→ ASSIGNED TASK:
Set the whole listing down again, word for word, with no pictures.

+++ GIVEN MATERIAL

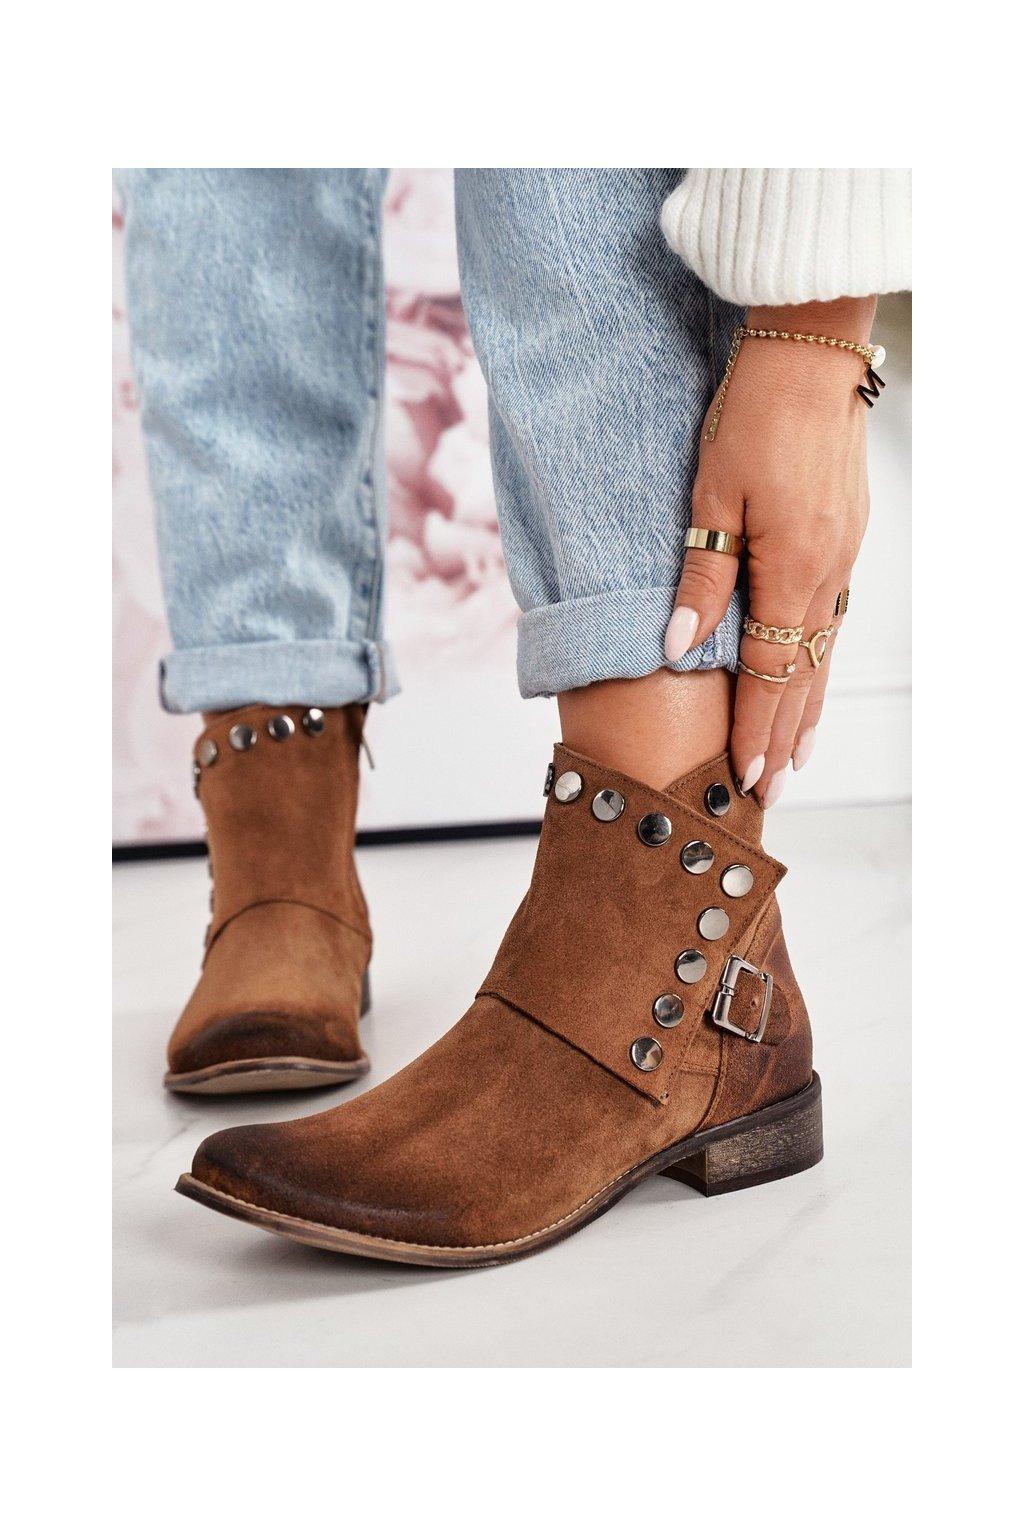 Členkové topánky na podpätku farba hnedá kód obuvi 1198 KONIAK.WELUR
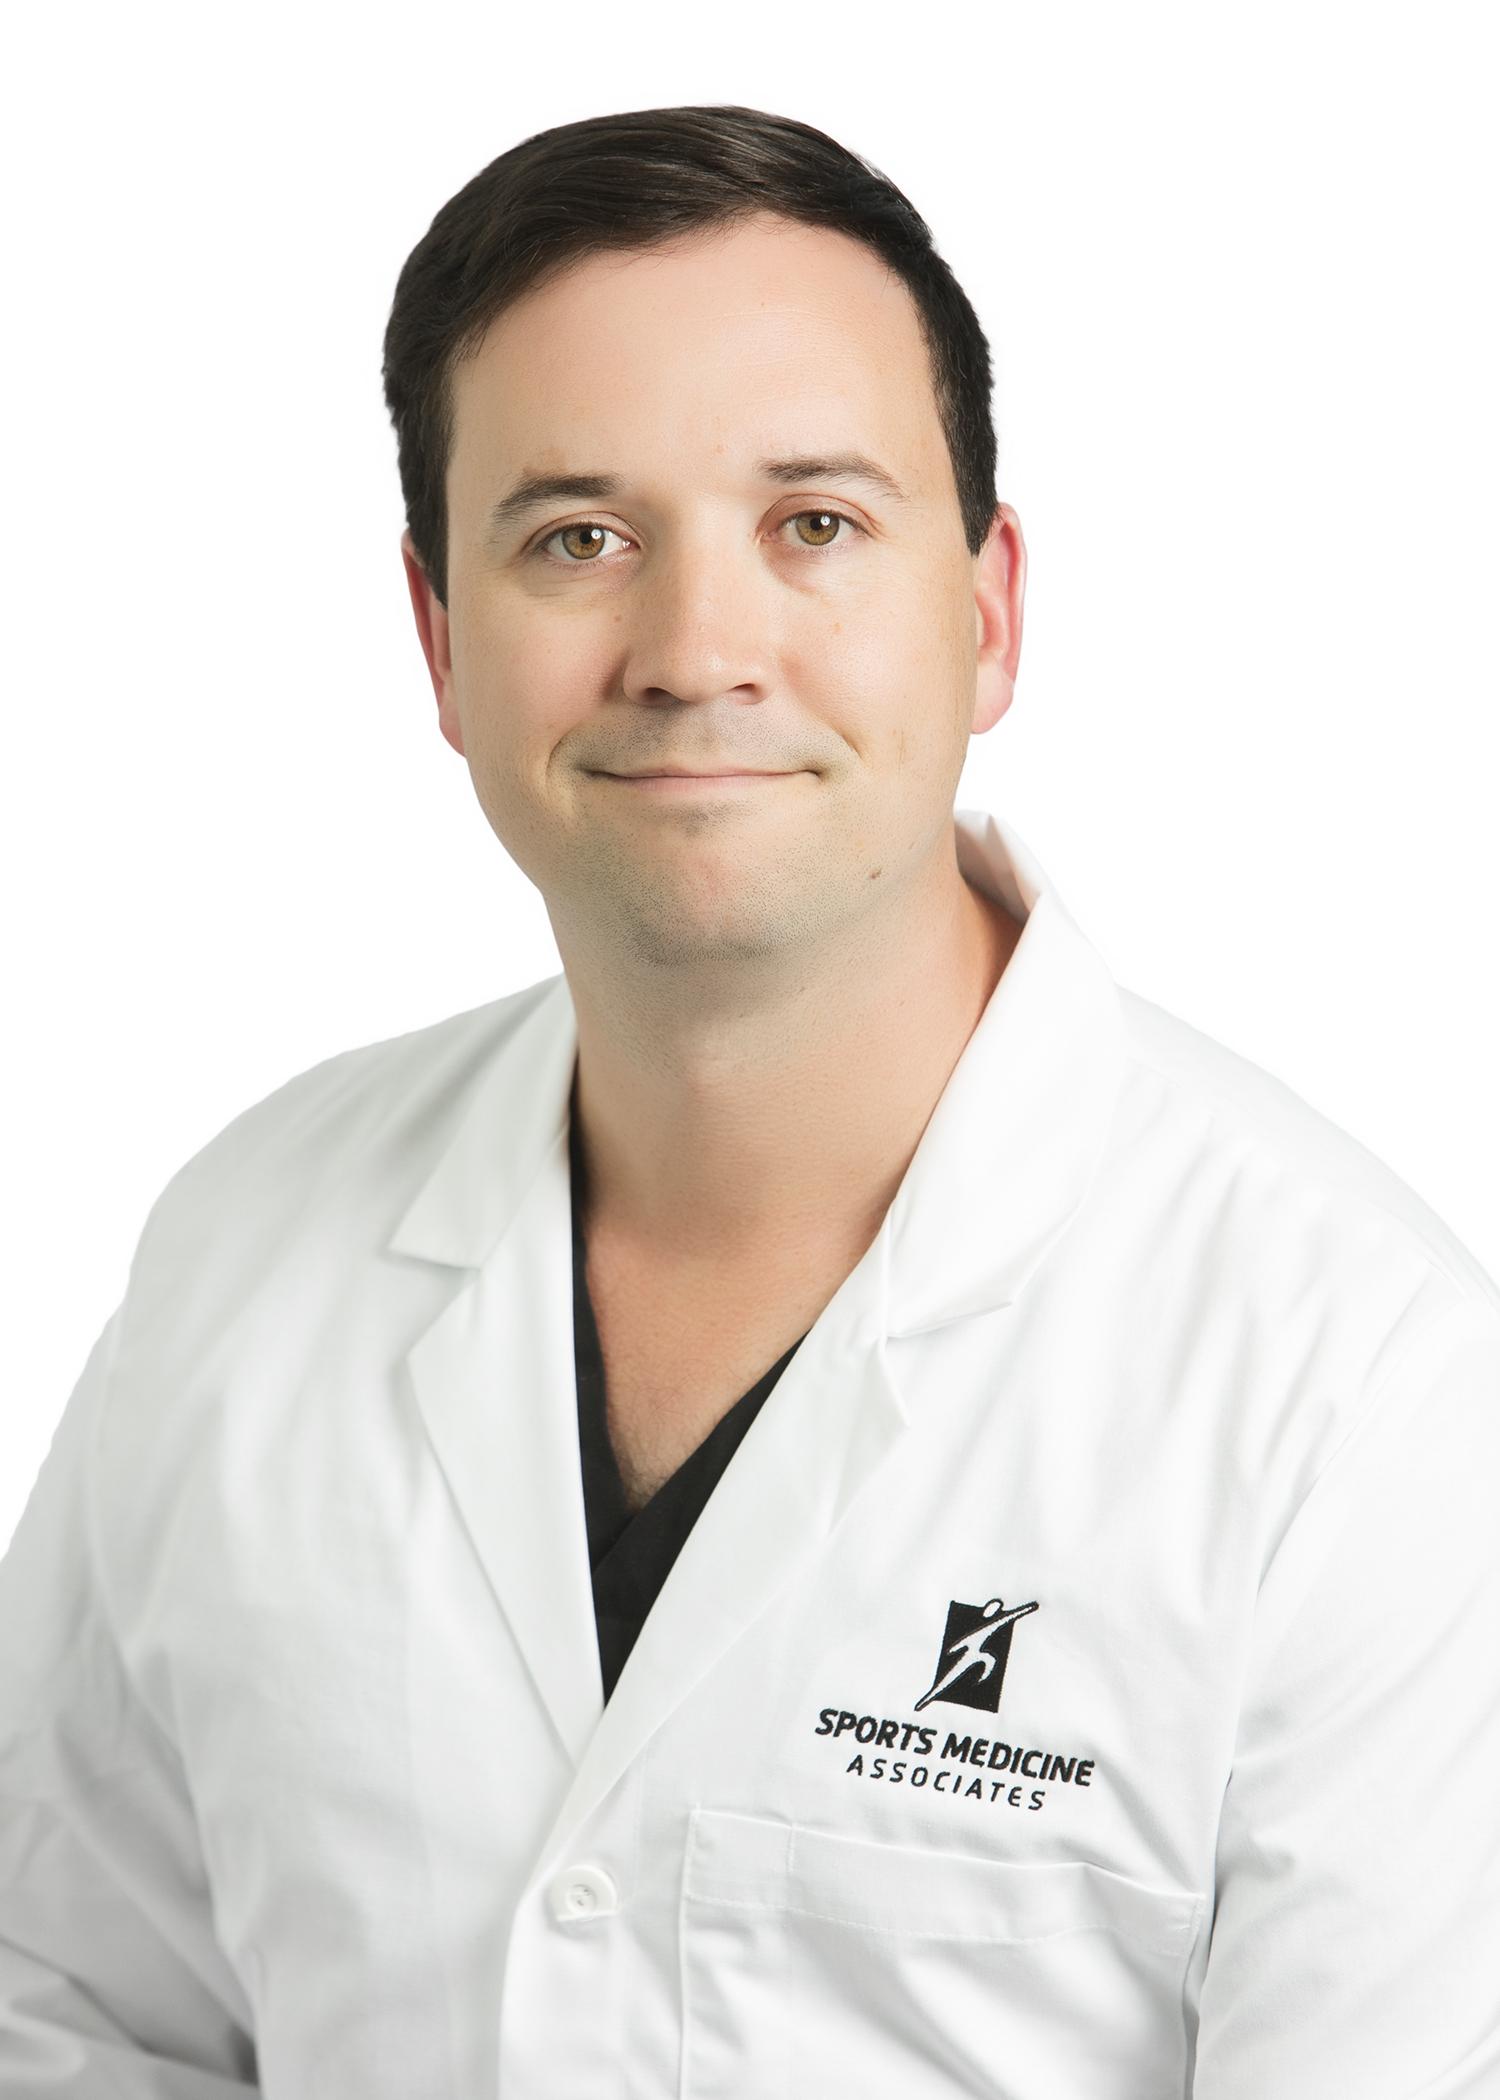 Robert Girling, M.D. - Board Certified Orthopedic Surgeon
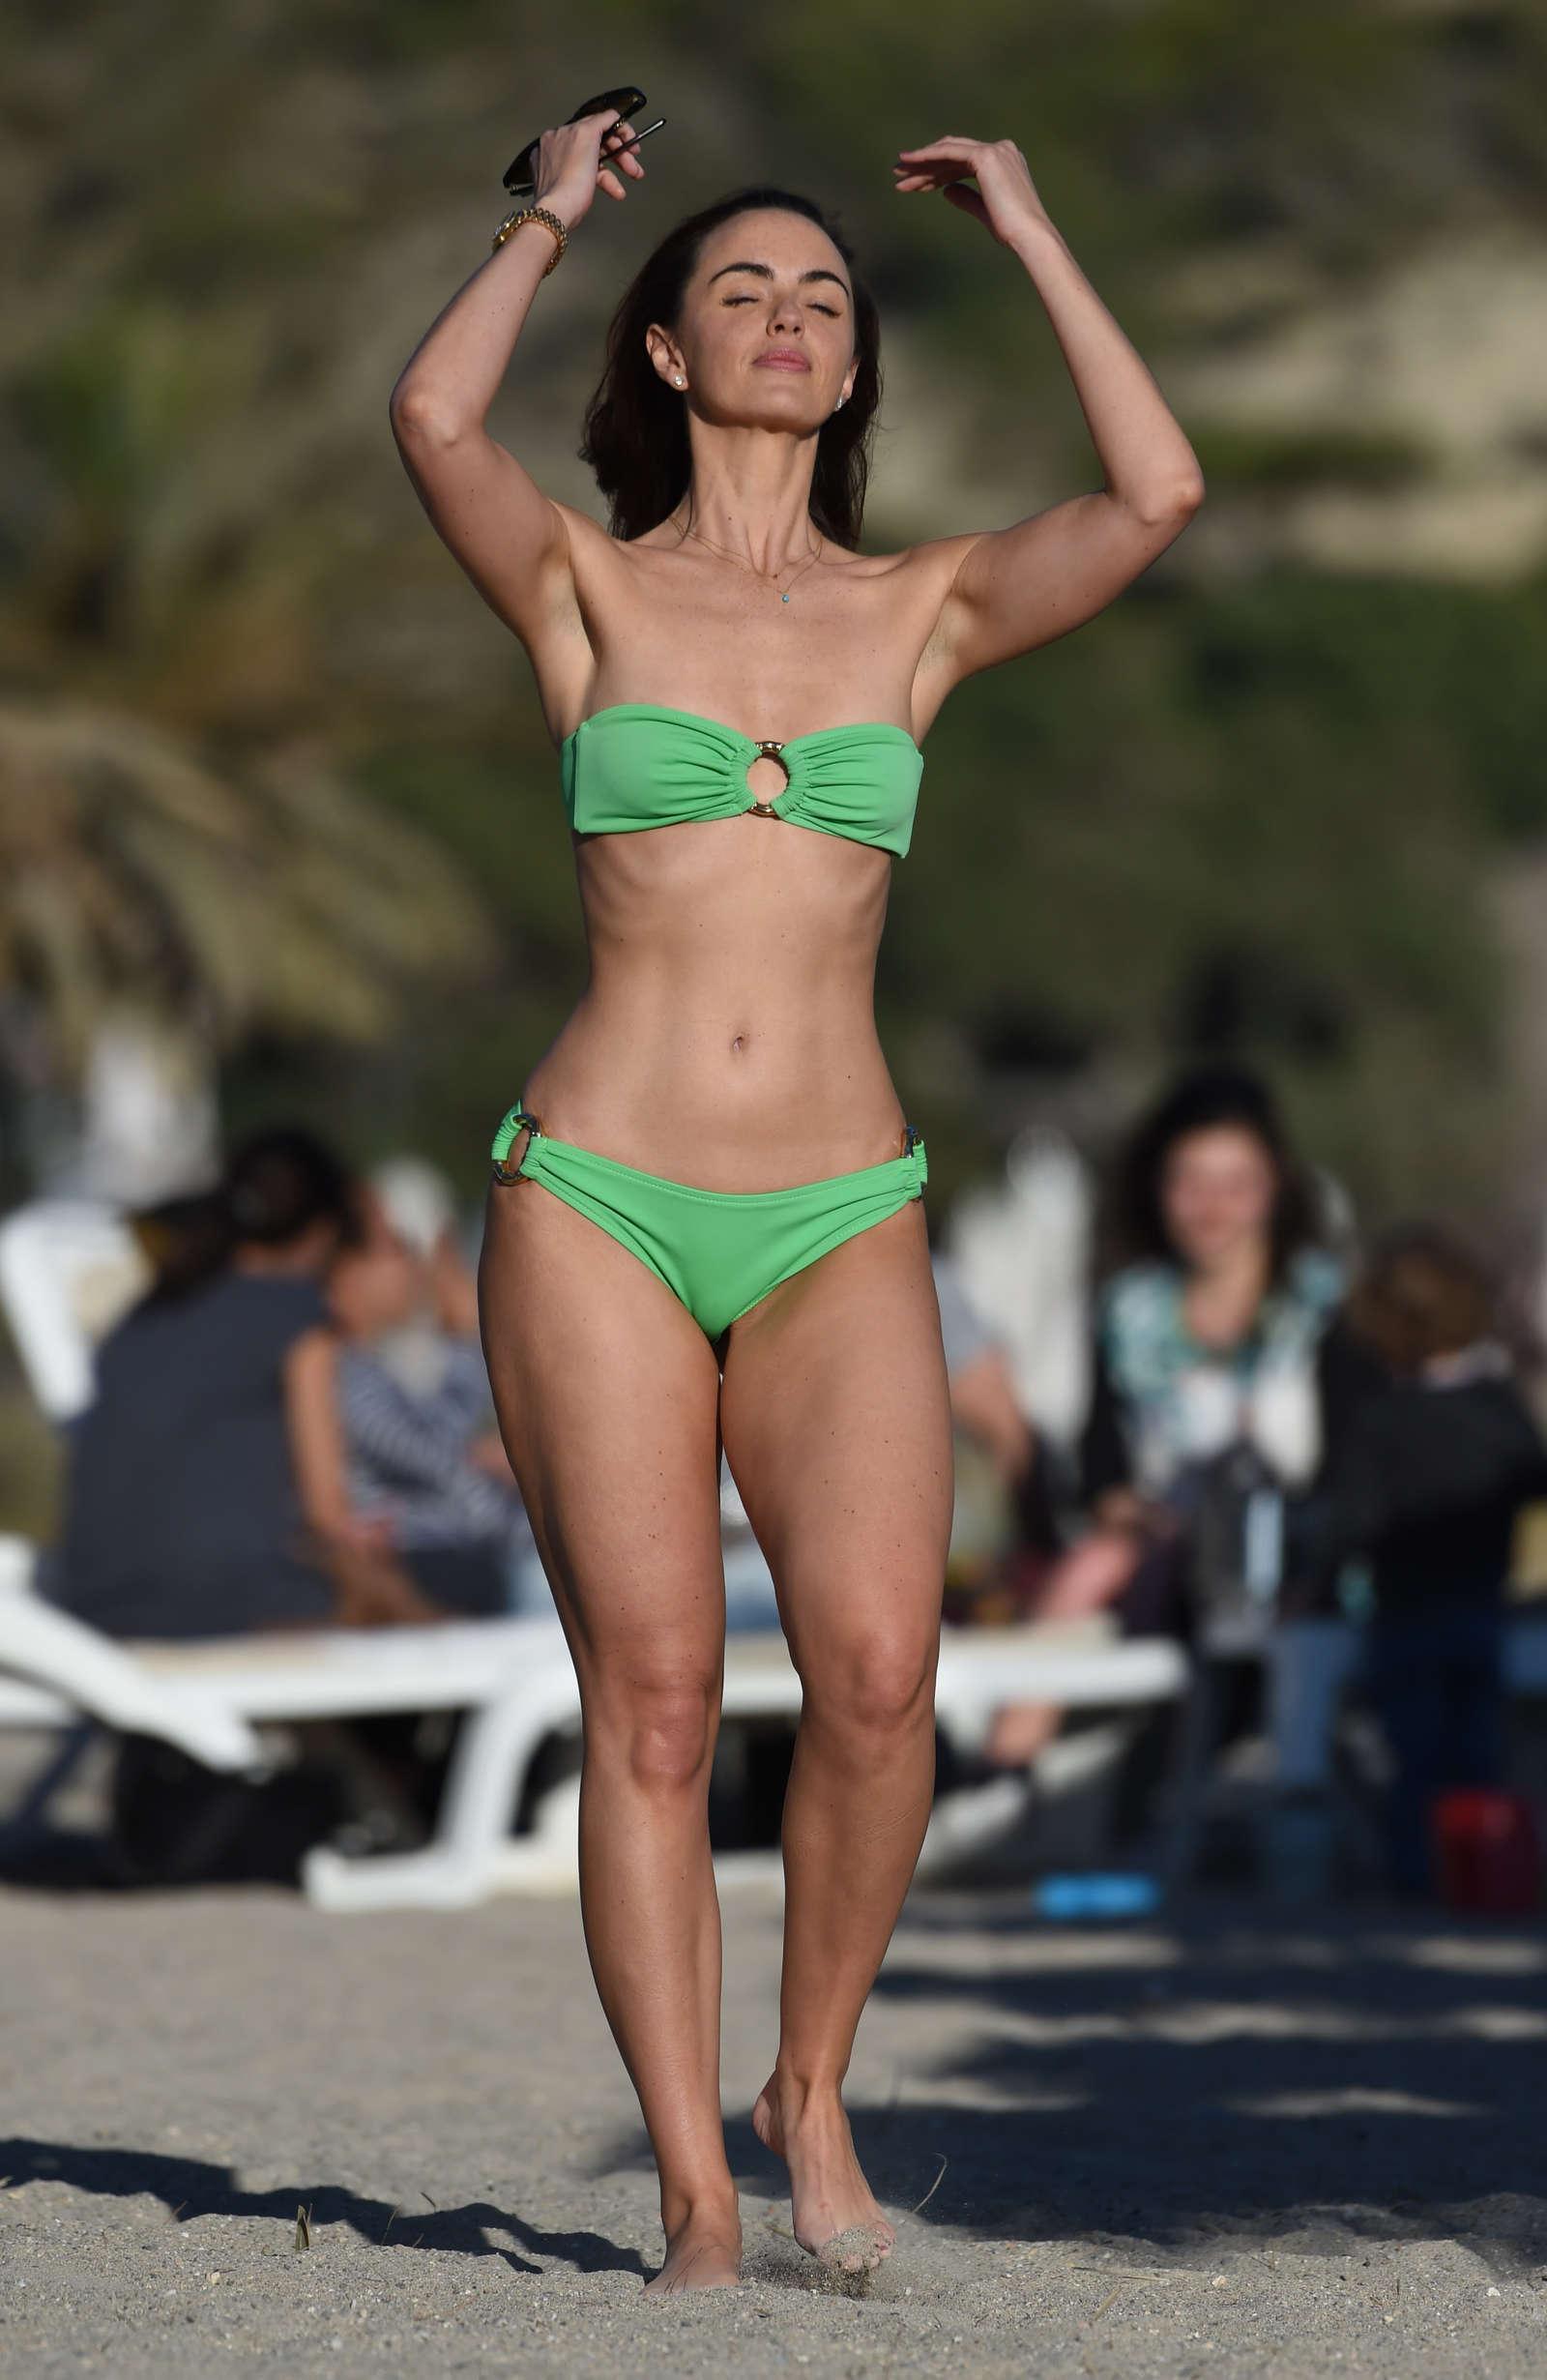 Bikini Jennifer Metcalfe nude (92 photo), Tits, Hot, Boobs, butt 2018

++++++

→ RESPONSE TO THE TASK:
 Členkové topánky na podpätku farba hnedá kód obuvi 1198 KONIAK.WELUR
 Robert Girling, M.D. - Board Certified Orthopedic Surgeon
 Bikini Jennifer Metcalfe nude (92 photo), Tits, Hot, Boobs, butt 2018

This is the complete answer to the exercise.